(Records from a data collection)
==========

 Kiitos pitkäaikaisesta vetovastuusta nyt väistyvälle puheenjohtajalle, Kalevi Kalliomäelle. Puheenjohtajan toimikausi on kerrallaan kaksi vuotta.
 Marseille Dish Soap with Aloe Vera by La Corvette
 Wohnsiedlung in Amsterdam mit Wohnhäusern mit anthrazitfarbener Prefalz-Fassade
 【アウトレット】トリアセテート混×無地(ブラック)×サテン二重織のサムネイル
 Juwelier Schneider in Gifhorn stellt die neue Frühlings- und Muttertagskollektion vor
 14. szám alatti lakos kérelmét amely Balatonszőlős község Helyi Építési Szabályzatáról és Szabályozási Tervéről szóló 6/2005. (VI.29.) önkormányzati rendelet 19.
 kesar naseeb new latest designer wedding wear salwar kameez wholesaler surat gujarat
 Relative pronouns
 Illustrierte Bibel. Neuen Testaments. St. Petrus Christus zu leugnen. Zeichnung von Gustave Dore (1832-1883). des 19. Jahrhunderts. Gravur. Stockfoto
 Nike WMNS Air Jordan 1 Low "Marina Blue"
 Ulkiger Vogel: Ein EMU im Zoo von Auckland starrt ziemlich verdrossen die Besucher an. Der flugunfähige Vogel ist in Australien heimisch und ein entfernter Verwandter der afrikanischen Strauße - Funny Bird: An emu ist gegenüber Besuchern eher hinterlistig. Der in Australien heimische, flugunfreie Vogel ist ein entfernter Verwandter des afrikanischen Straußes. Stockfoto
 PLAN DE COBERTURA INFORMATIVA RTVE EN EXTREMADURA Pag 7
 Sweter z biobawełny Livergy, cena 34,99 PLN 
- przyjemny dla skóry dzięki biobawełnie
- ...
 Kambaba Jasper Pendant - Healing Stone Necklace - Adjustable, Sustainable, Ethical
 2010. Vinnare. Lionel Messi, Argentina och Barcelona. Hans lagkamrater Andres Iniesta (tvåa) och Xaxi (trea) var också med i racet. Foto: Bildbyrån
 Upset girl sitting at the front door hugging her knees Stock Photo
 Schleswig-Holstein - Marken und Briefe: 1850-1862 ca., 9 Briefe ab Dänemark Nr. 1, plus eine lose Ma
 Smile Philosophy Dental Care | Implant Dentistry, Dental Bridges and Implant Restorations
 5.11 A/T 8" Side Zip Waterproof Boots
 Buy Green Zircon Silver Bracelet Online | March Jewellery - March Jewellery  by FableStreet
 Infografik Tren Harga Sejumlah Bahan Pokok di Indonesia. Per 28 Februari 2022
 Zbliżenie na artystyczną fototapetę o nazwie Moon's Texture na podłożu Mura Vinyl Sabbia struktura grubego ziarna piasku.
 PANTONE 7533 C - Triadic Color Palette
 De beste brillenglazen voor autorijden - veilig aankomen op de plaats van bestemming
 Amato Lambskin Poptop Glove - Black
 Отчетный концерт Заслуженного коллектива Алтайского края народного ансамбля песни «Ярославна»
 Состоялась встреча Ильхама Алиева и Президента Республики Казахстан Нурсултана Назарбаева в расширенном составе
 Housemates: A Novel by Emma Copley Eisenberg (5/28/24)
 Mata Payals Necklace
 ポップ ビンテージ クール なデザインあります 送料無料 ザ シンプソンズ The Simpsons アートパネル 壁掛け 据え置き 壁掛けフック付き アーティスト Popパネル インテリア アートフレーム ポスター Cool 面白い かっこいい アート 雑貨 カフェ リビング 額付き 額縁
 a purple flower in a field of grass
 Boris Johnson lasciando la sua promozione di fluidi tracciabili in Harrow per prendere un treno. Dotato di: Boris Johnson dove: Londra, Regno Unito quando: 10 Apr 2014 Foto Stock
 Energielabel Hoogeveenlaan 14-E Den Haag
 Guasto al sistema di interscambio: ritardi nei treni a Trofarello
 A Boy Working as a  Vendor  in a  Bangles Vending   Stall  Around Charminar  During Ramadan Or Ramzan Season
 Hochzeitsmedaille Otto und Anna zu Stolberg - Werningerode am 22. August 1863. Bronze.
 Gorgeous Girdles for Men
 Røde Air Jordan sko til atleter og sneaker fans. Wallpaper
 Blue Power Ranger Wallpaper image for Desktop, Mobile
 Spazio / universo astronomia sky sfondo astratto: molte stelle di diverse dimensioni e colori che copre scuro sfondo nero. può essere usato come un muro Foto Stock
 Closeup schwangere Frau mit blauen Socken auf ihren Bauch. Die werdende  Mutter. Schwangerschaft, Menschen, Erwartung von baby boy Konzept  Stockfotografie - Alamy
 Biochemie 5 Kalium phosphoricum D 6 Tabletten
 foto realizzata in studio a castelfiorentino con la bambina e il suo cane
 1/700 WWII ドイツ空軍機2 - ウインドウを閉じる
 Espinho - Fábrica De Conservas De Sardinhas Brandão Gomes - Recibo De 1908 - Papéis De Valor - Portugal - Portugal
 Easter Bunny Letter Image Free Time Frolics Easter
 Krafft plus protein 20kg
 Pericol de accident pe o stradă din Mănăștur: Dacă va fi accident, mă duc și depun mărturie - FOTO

==========

Problem description.
Set down, word for word, each line from the top of the records above through the line with "Nike WMNS Air".

Exercise answer.
 Kiitos pitkäaikaisesta vetovastuusta nyt väistyvälle puheenjohtajalle, Kalevi Kalliomäelle. Puheenjohtajan toimikausi on kerrallaan kaksi vuotta.
 Marseille Dish Soap with Aloe Vera by La Corvette
 Wohnsiedlung in Amsterdam mit Wohnhäusern mit anthrazitfarbener Prefalz-Fassade
 【アウトレット】トリアセテート混×無地(ブラック)×サテン二重織のサムネイル
 Juwelier Schneider in Gifhorn stellt die neue Frühlings- und Muttertagskollektion vor
 14. szám alatti lakos kérelmét amely Balatonszőlős község Helyi Építési Szabályzatáról és Szabályozási Tervéről szóló 6/2005. (VI.29.) önkormányzati rendelet 19.
 kesar naseeb new latest designer wedding wear salwar kameez wholesaler surat gujarat
 Relative pronouns
 Illustrierte Bibel. Neuen Testaments. St. Petrus Christus zu leugnen. Zeichnung von Gustave Dore (1832-1883). des 19. Jahrhunderts. Gravur. Stockfoto
 Nike WMNS Air Jordan 1 Low "Marina Blue"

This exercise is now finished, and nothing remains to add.